英田さんの初期作品で、英田さんにしてはめずらしく恋愛オンリーなお話です。
英田さんといえば、刑事とかヤクザとか、ヤクザとか、FBIとか…(以下略)
血のつながらない兄弟モノです。兄弟モノって、なんかそれだけで背徳の香りがして淫靡な感じ。
あくまでも個人的な統計ですが、既読の兄弟モノは圧倒的に“弟攻め”が多い。
秀逸な“兄攻め”の作品があったら読みたいな~♪
初期作品といえど、安定感のある筆致でしっとりと読ませます。
亮介が子供の頃から兄の静一だけを慕ってきた静かな執着が結構心地よい。
誰にも頼らず生きたきた兄を今度は自分が守りたいという気持ちもいじましいです。
亮介のバイトするバーで兄に言い寄る男に『Between the sheets』→『Blue moon』と牽制するあたりも独占欲むき出しでいい。

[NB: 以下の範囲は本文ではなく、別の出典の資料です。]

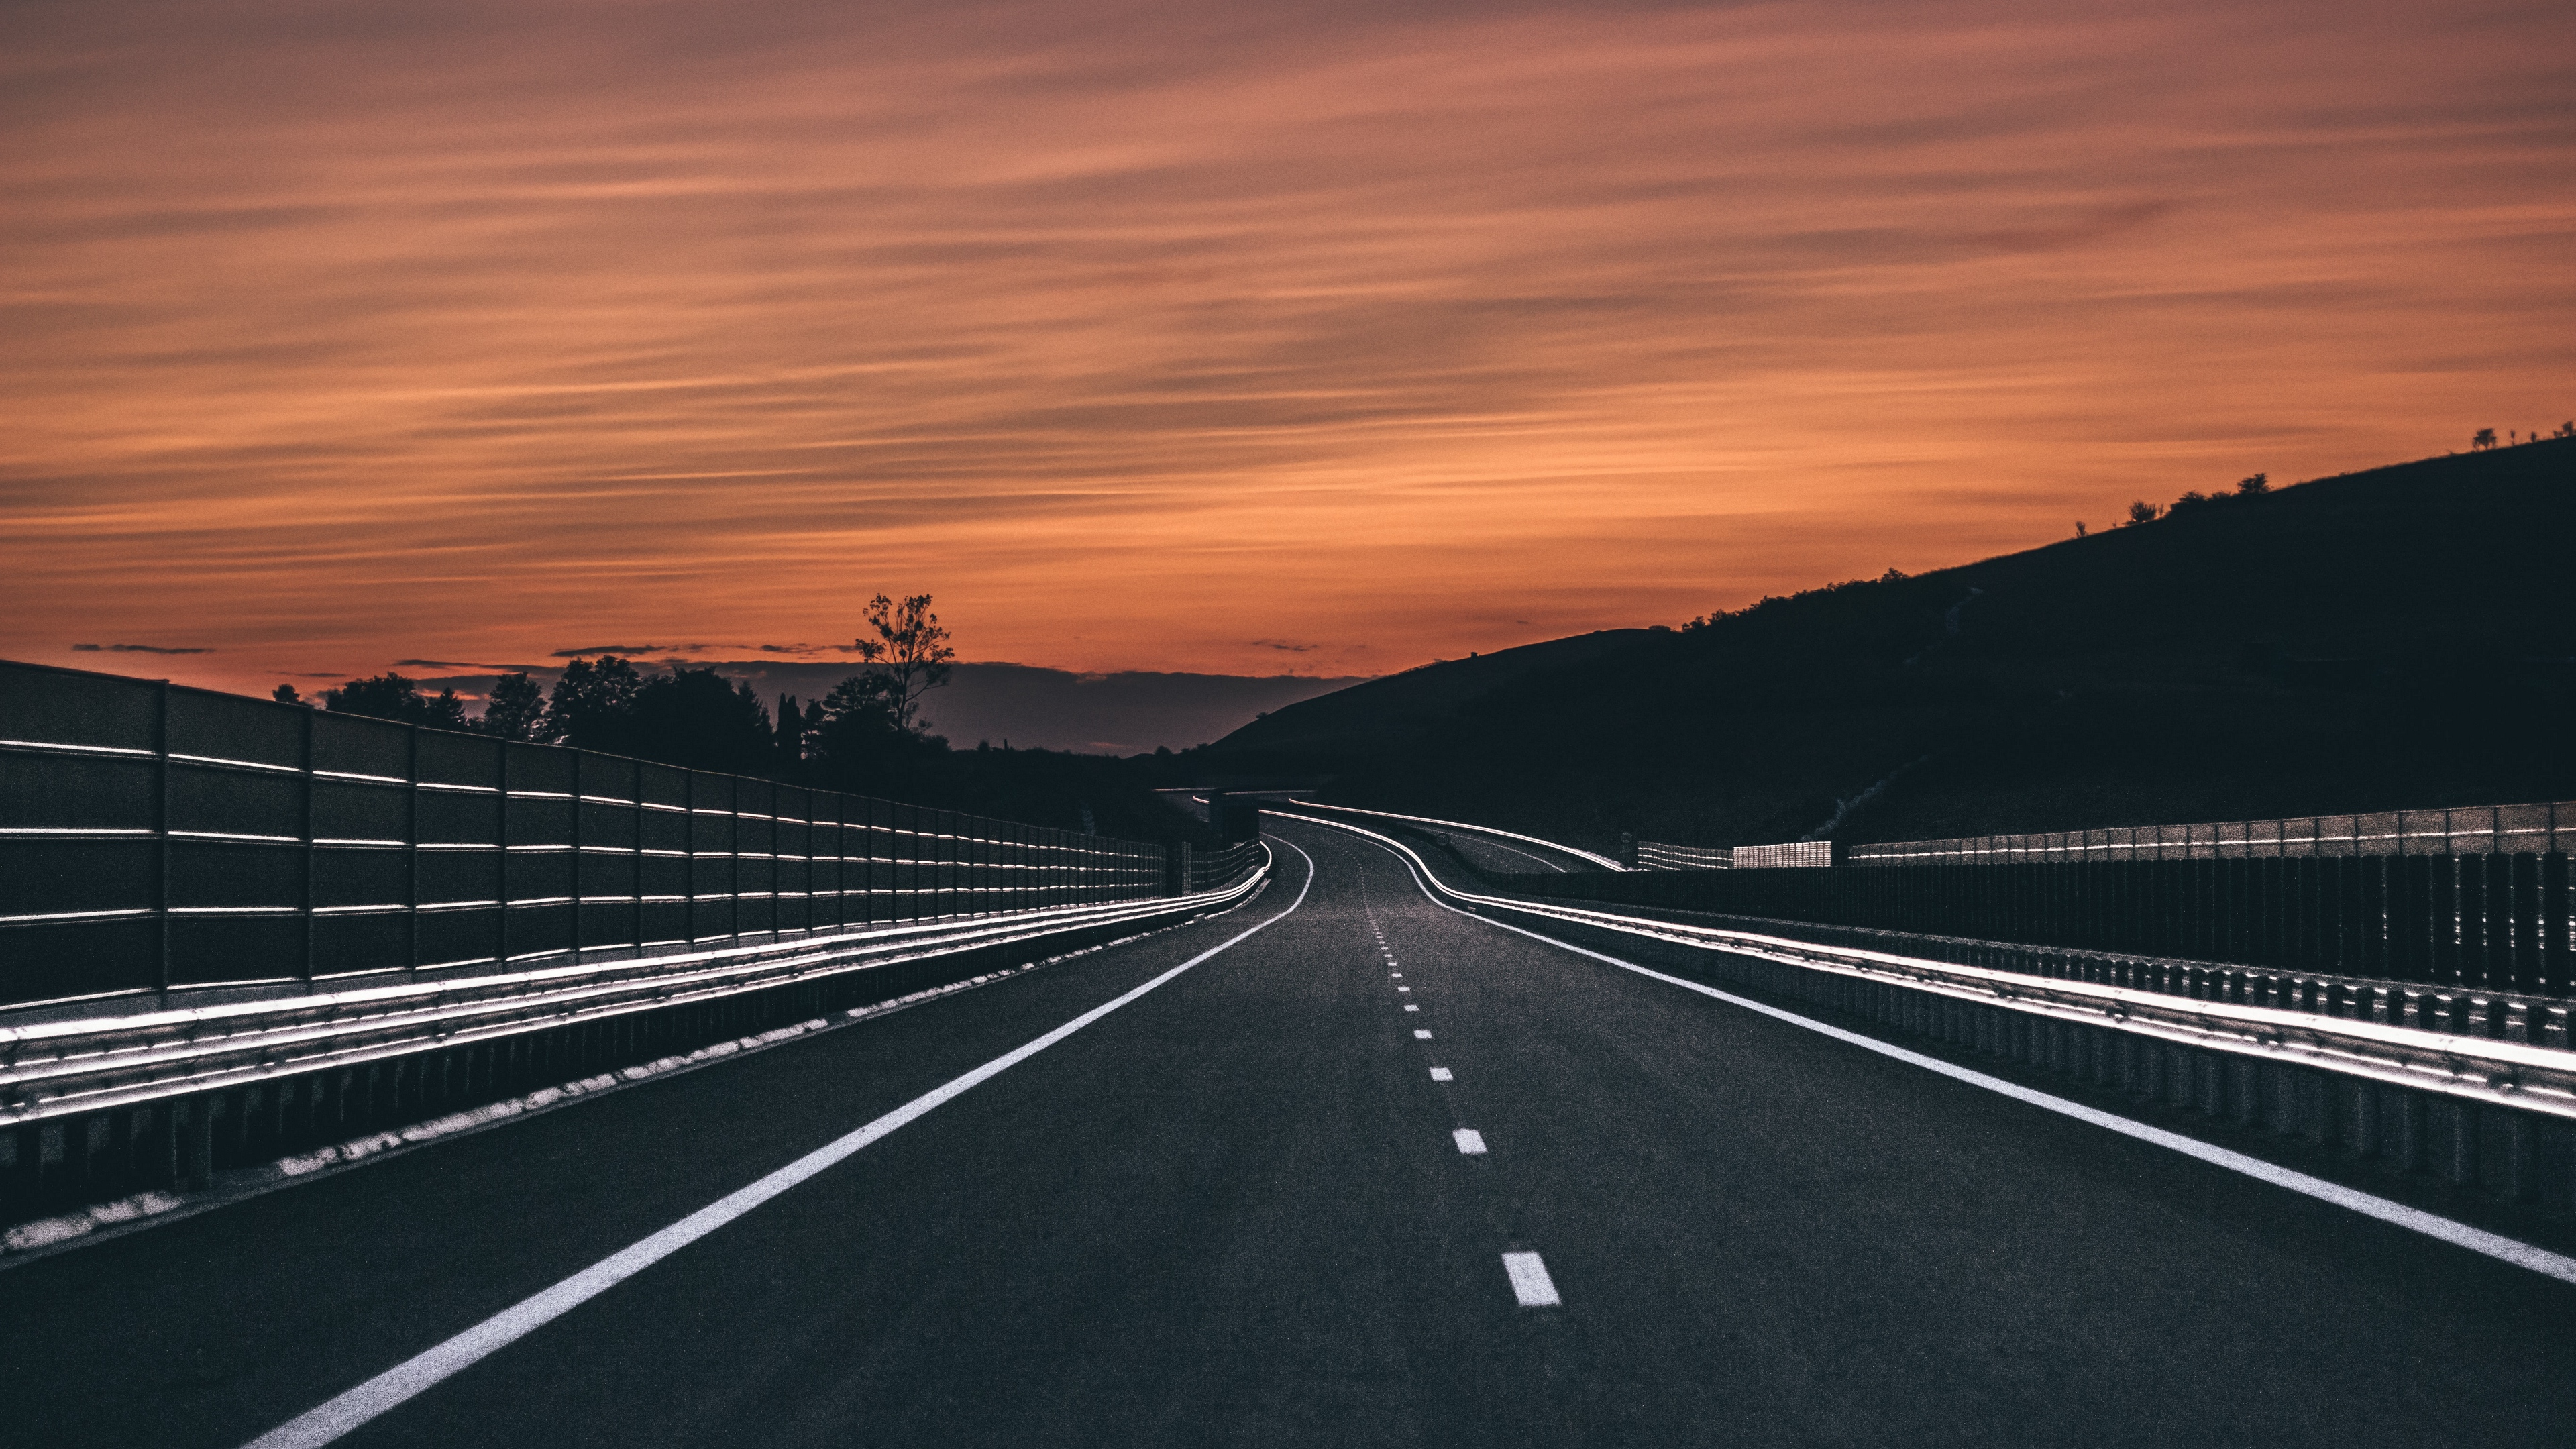 road marking asphalt sunset horizon 4k 1541117199 - road, marking, asphalt, sunset, horizon 4k - Road, marking, asphalt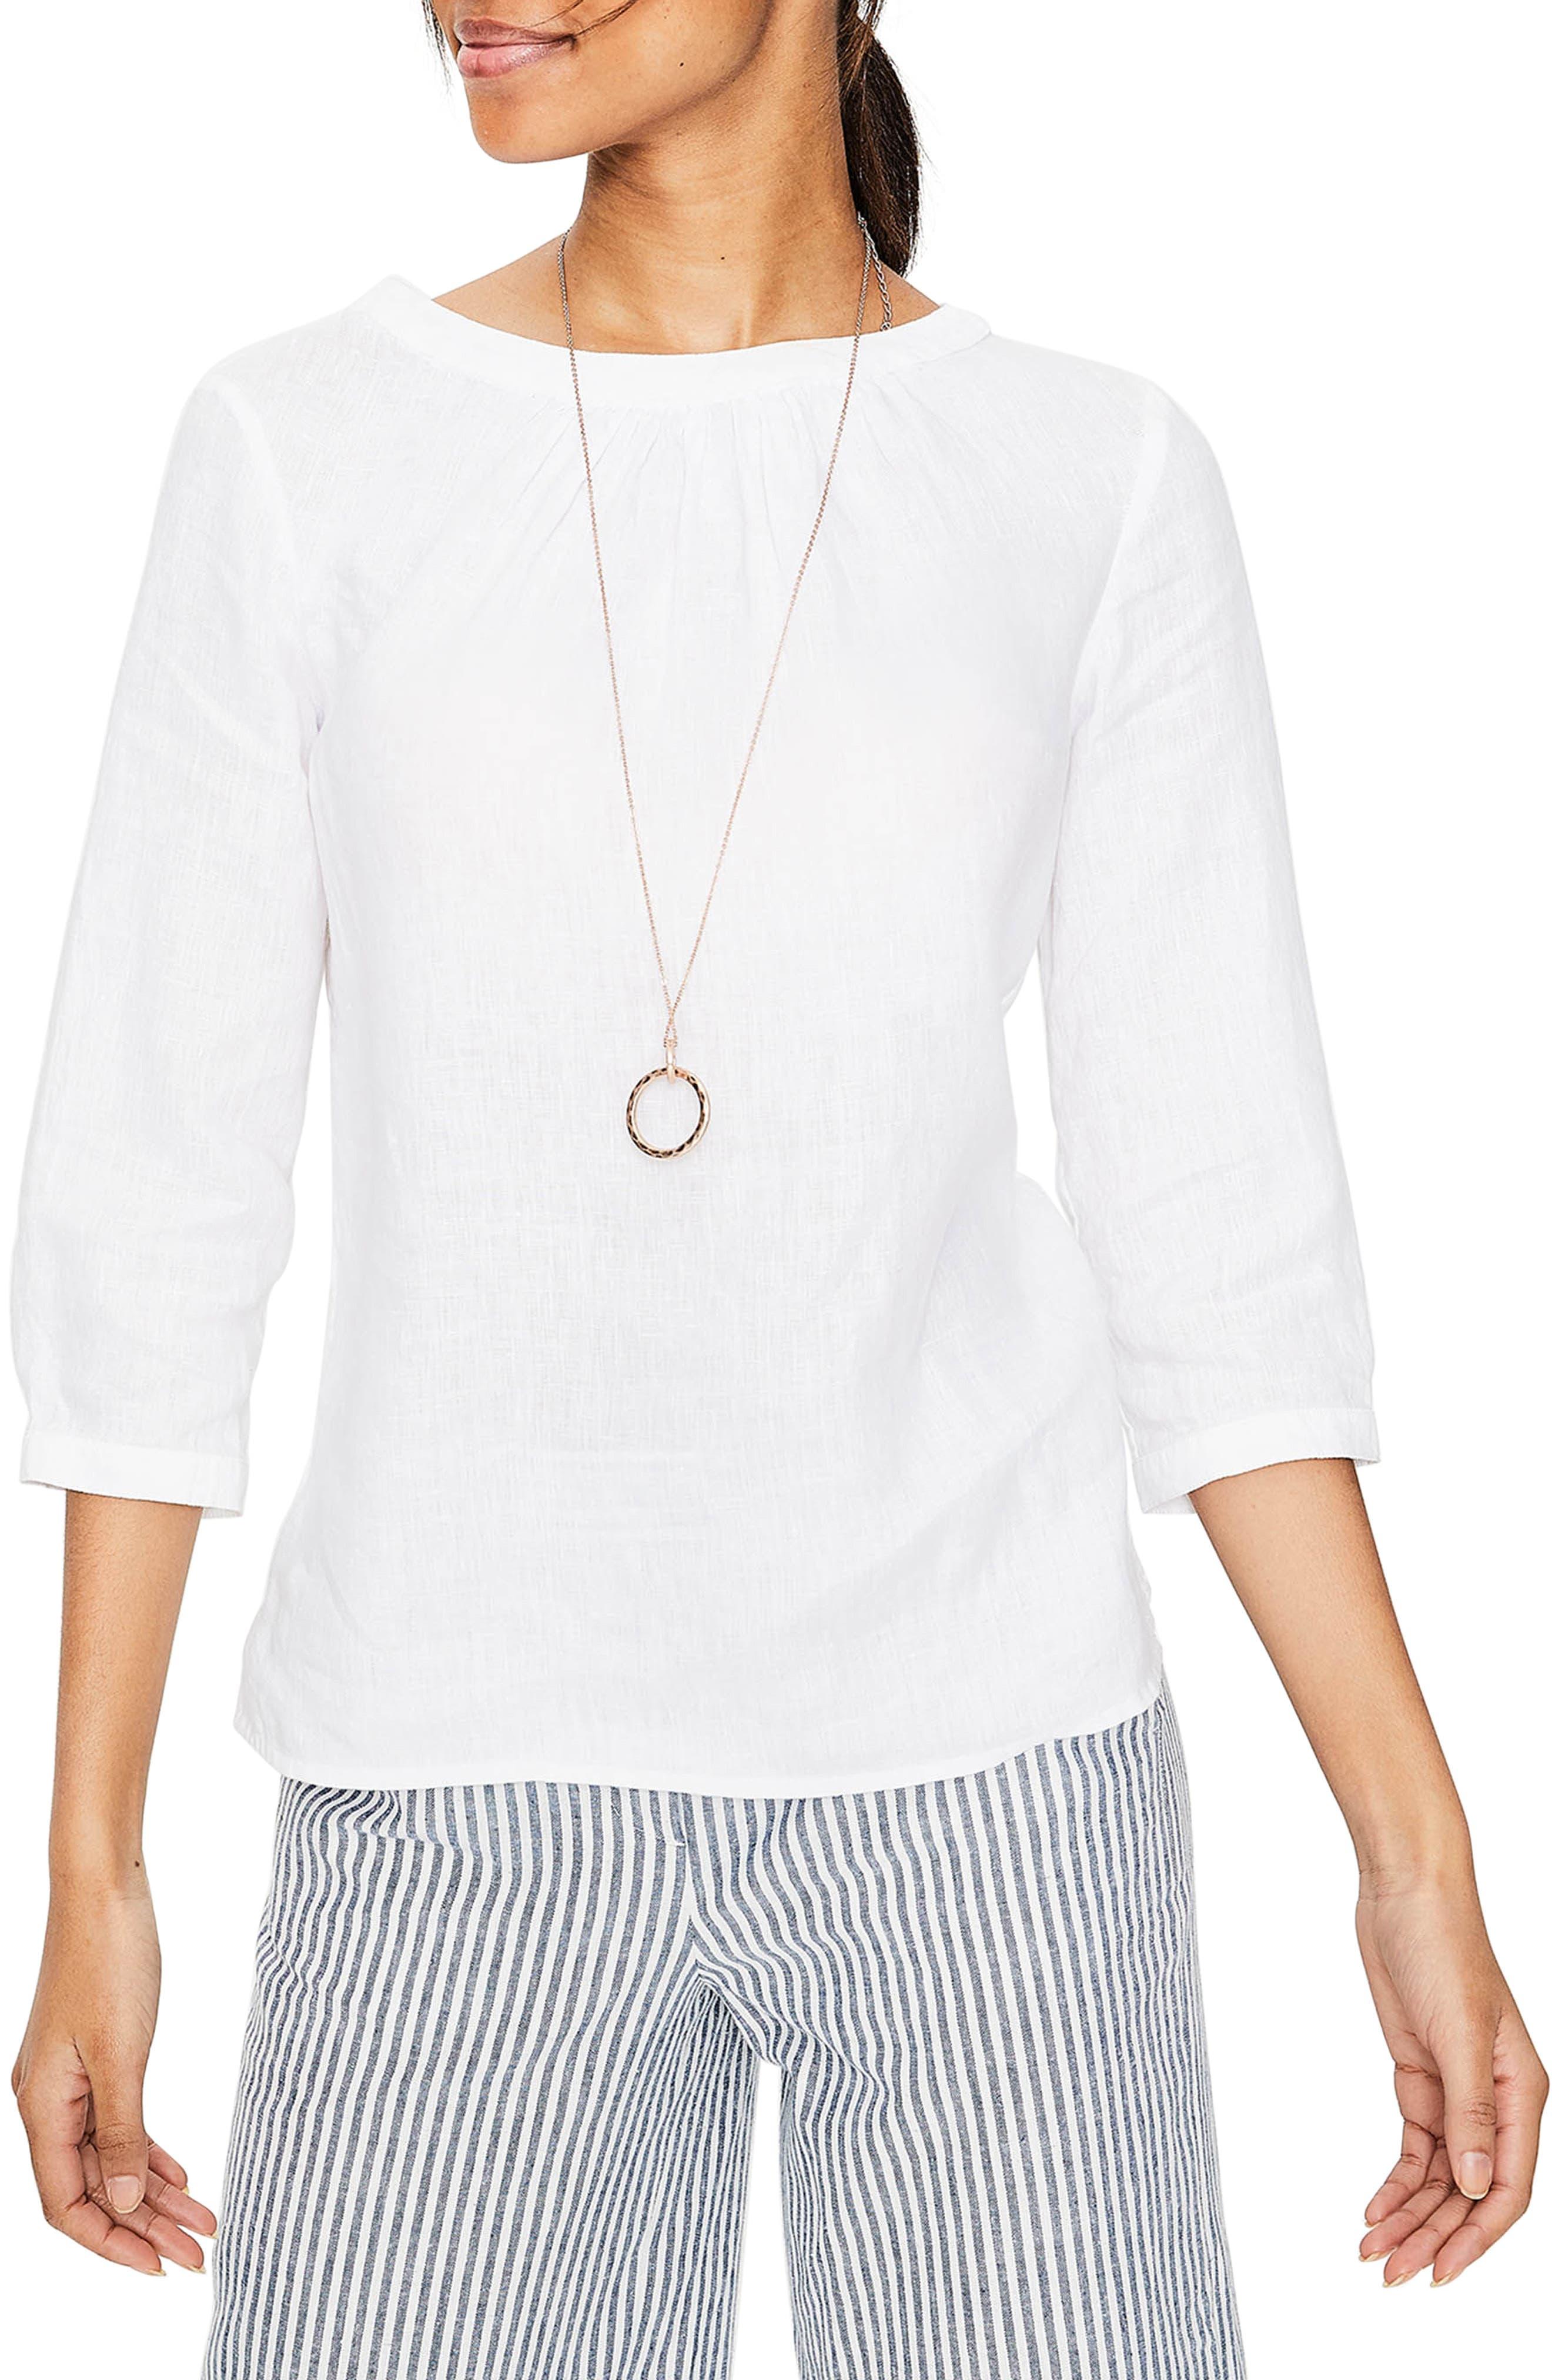 Katie Striped Linen Peasant Top,                         Main,                         color, White

気持ちを通わせ合いながらも兄であろうとする静一は姑息な手で亮介を切り捨てる。
まだまだ青臭い亮介はすっかりそれを鵜呑みにして出て行ってしまう。
失って初めて、亮介の存在の重さを知る静一。子供の頃から亮介がどんな気持ちで生きてきたのかも。
心を決めた静一が追いすがっても追いすがっても、なかなか許そうとしない亮介。
すれ違う気持ちが、ちょっと切なかったな。
最終的には愛を確かめ合って、甘やかな時間を過ごすエンディングにはキュン。
『あんたの涙は俺が拭ってやる。これから先もずっと…』なんて頼りになる弟ってステキ。
北畠さんの雰囲気のあるイラストもきれいだった。